Engineering Mathematics 2 (H1042)

15 credits, Level 5

Autumn teaching

The Engineering Mathematics 2 module is divided into two sections.

The first builds on the mathematics you studied in the first year as  you further study the solution of linear differential equations of various types – a topic of considerable importance in engineering analysis. You’ll also look at methods of transforming linear differential equations into the frequency domain using the Laplace transform, a method that is central to the analysis of modern engineering control systems. Additionally you’ll consider basic methods for numerically solving first order ordinary differential equations.
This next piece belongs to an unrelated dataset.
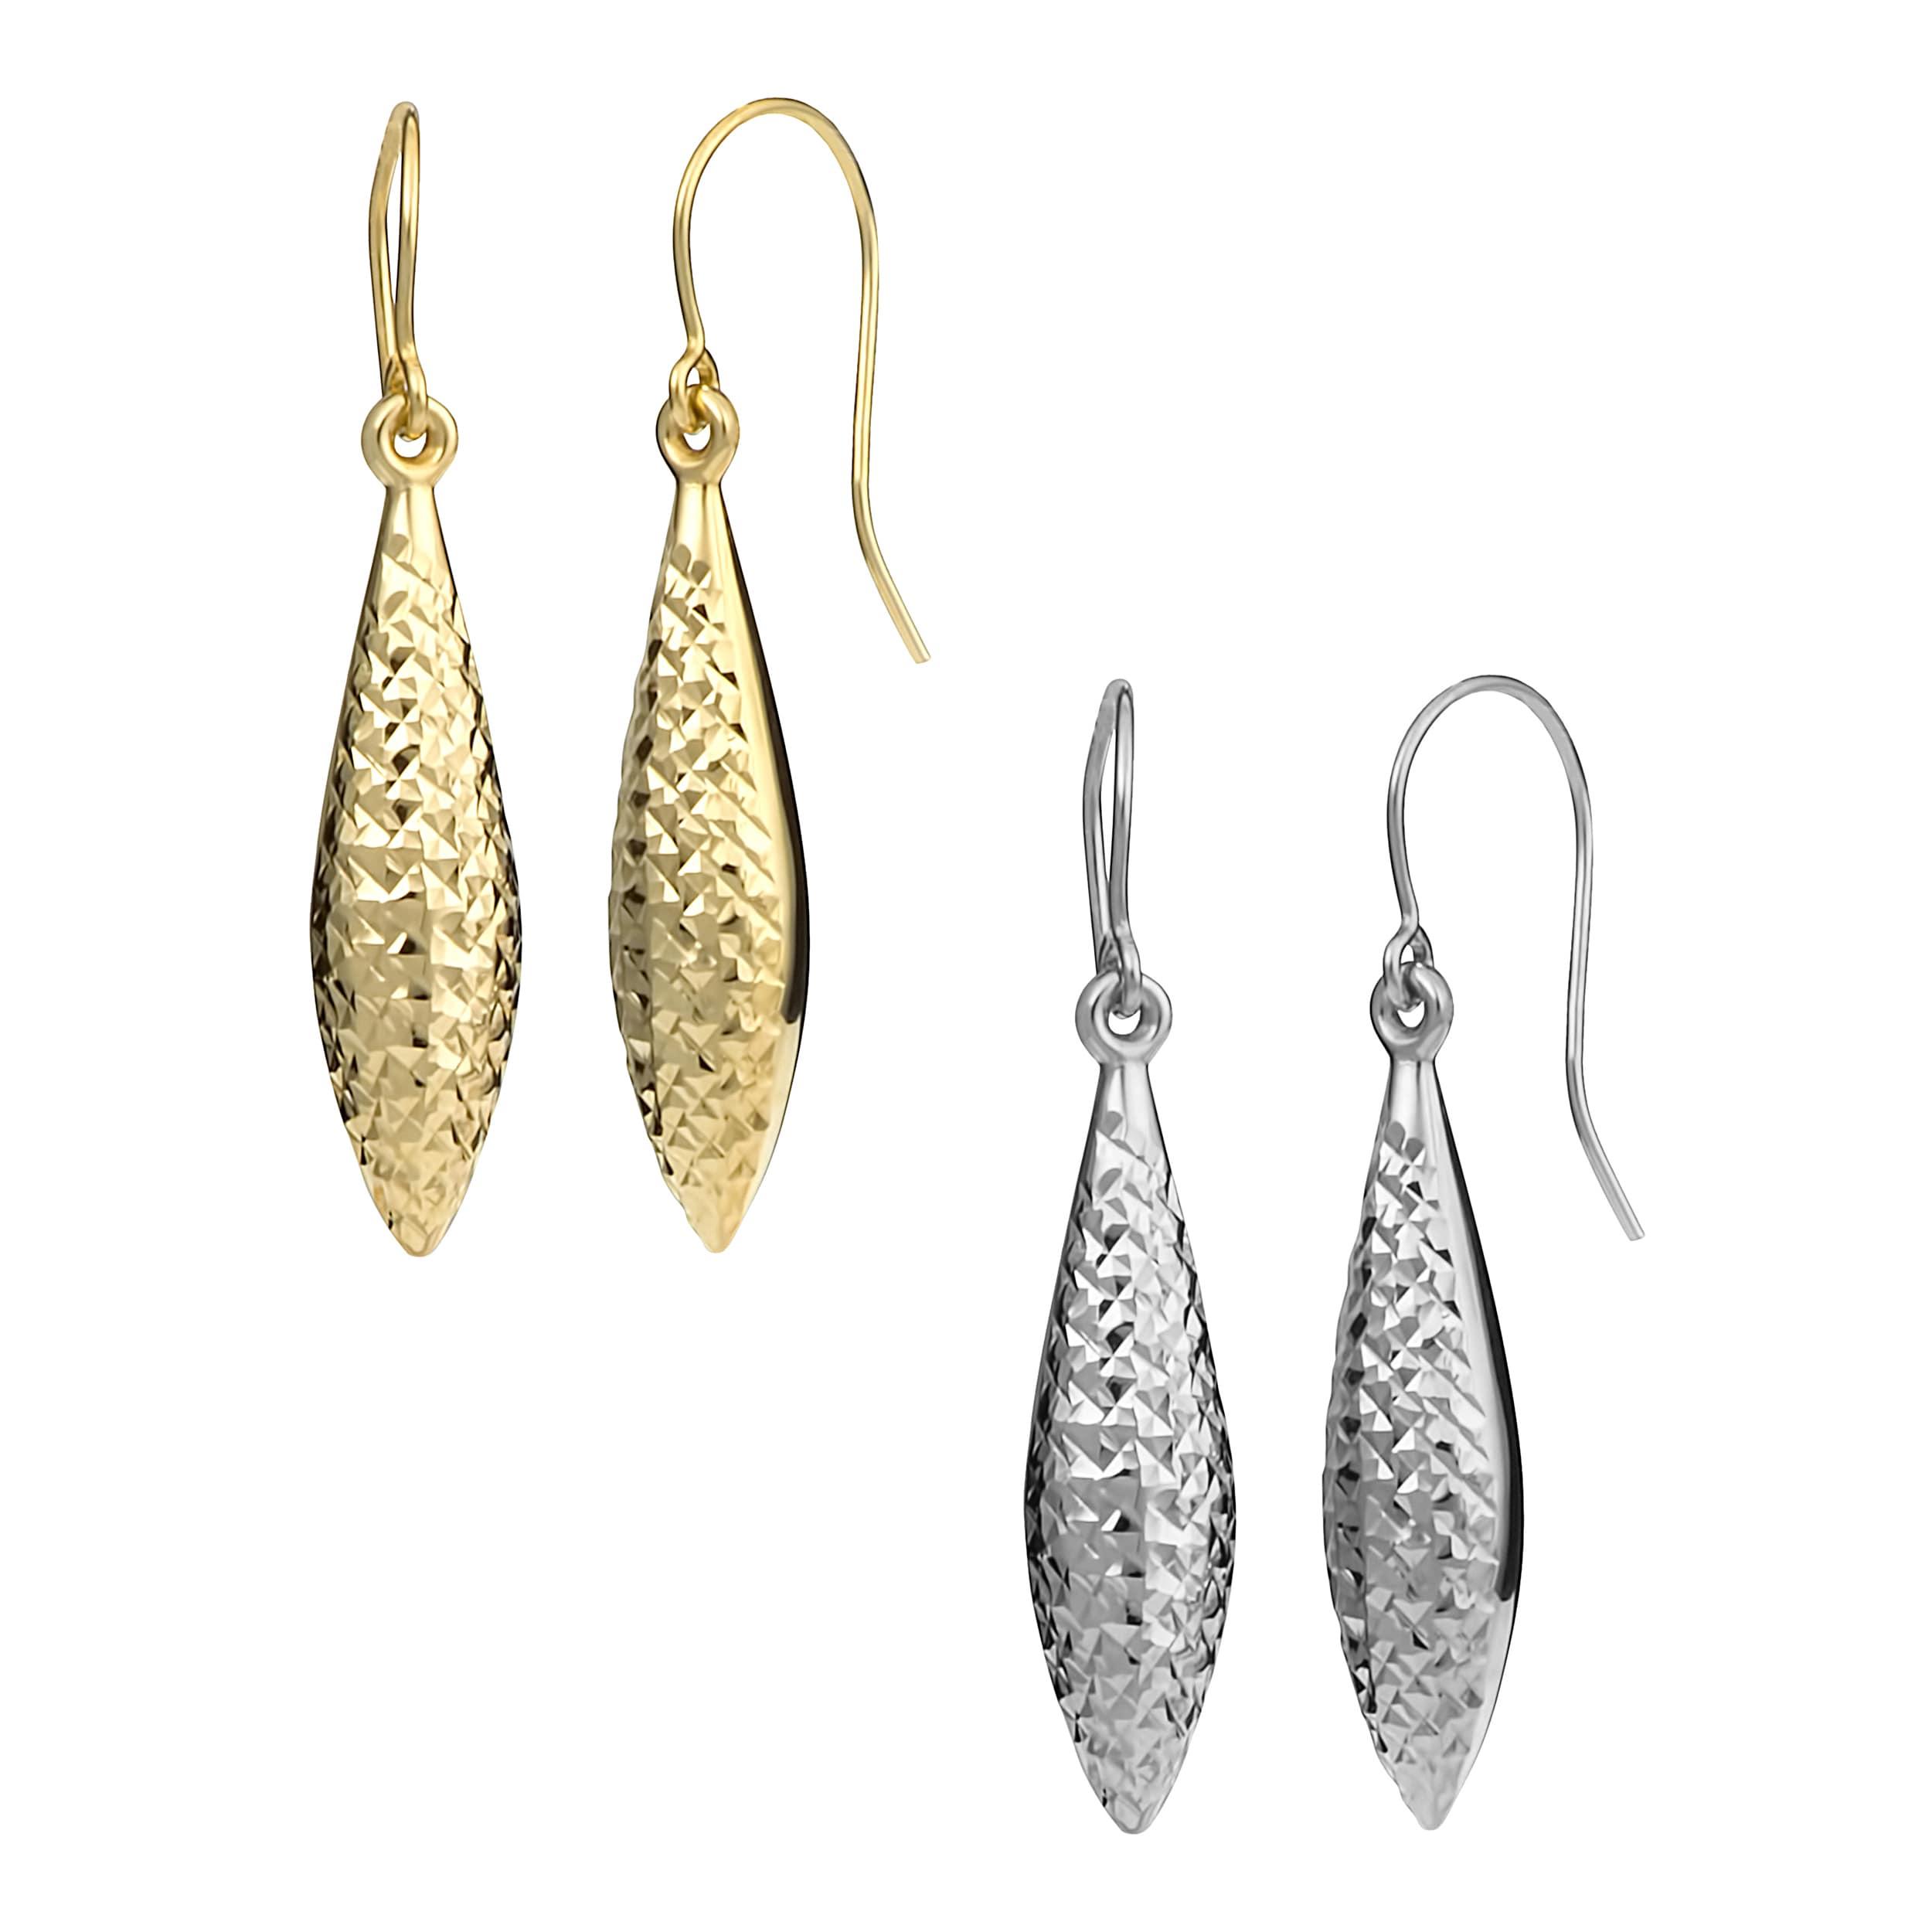 Fremada 10k Gold Diamond-cut Puffed Marquise Dangle Earrings at Sears.com

You’ll also explore solution methods for some of the partial differential equations common in engineering analysis, such as the heat and wave equations.
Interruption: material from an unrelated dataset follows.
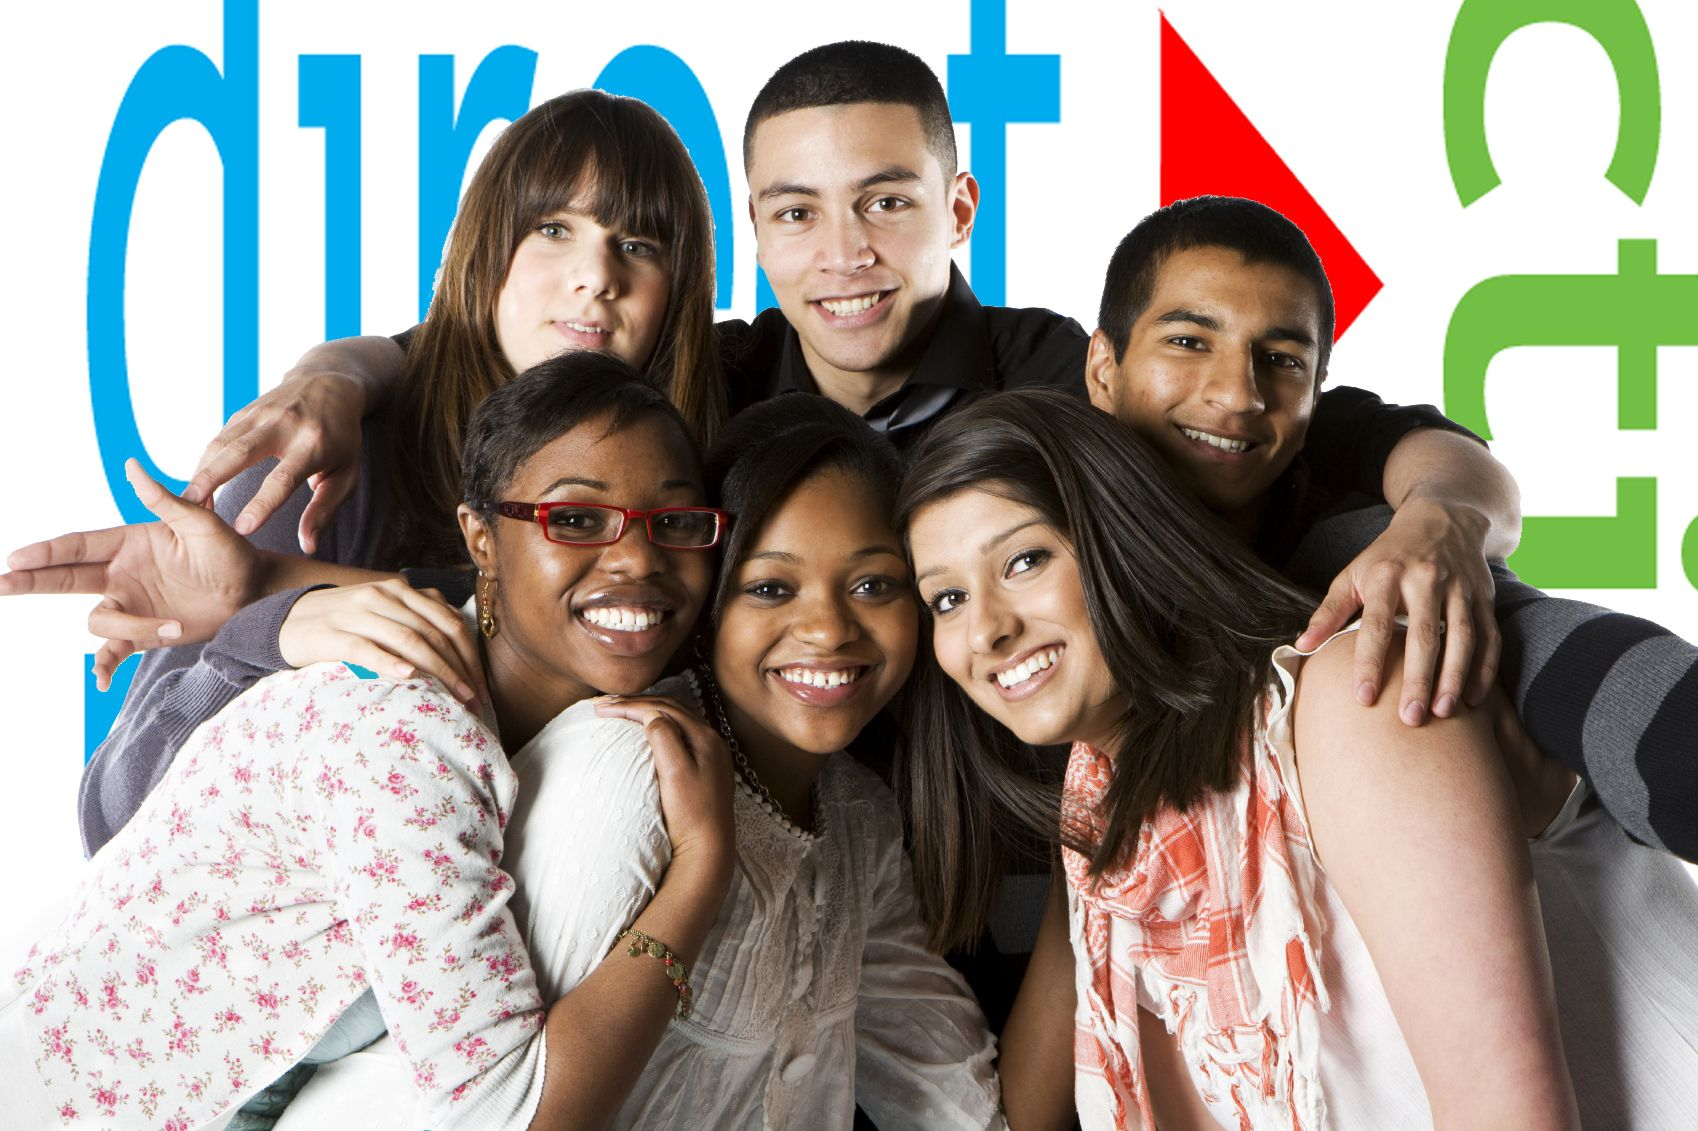 Christian interracial dating kostenlos

The second section of the module introduces you to probability theory and statistical methods, illustrated with examples showing how these concepts can be used to gain estimates of the outcomes of the complex interactions that often occur in real engineering systems.

Topics include:

  • revision of first order and second order differential equation time domain solution methods
  • Laplace transform and associated theorems; convolution
  • solution of ODEs via the Laplace transform
  • numerical solution of first order ODEs
  • partial differential equations; separation of variables; outline of Fourier series solution; Laplace, Poisson, heat and wave equations
  • probability: random variables; Bayes’ theorem; continuous and discrete distribution and density functions; expectations; normal distribution; central limit theorem; estimation of parameters; moment and maximum likelihood methods; student’s t-test; confidence intervals; quality control; acceptance sampling; reliability; failure rates; the Weibull distribution.

Teaching

77%: Lecture
23%: Practical (Workshop)

Assessment

20%: Coursework (Problem set)
80%: Examination (Unseen examination)

Contact hours and workload

This module is approximately 150 hours of work. This breaks down into about 43 hours of contact time and about 107 hours of independent study. The University may make minor variations to the contact hours for operational reasons, including timetabling requirements.

We regularly review our modules to incorporate student feedback, staff expertise, as well as the latest research and teaching methodology. We’re planning to run these modules in the academic year 2024/25. However, there may be changes to these modules in response to feedback, staff availability, student demand or updates to our curriculum.

We’ll make sure to let you know of any material changes to modules at the earliest opportunity.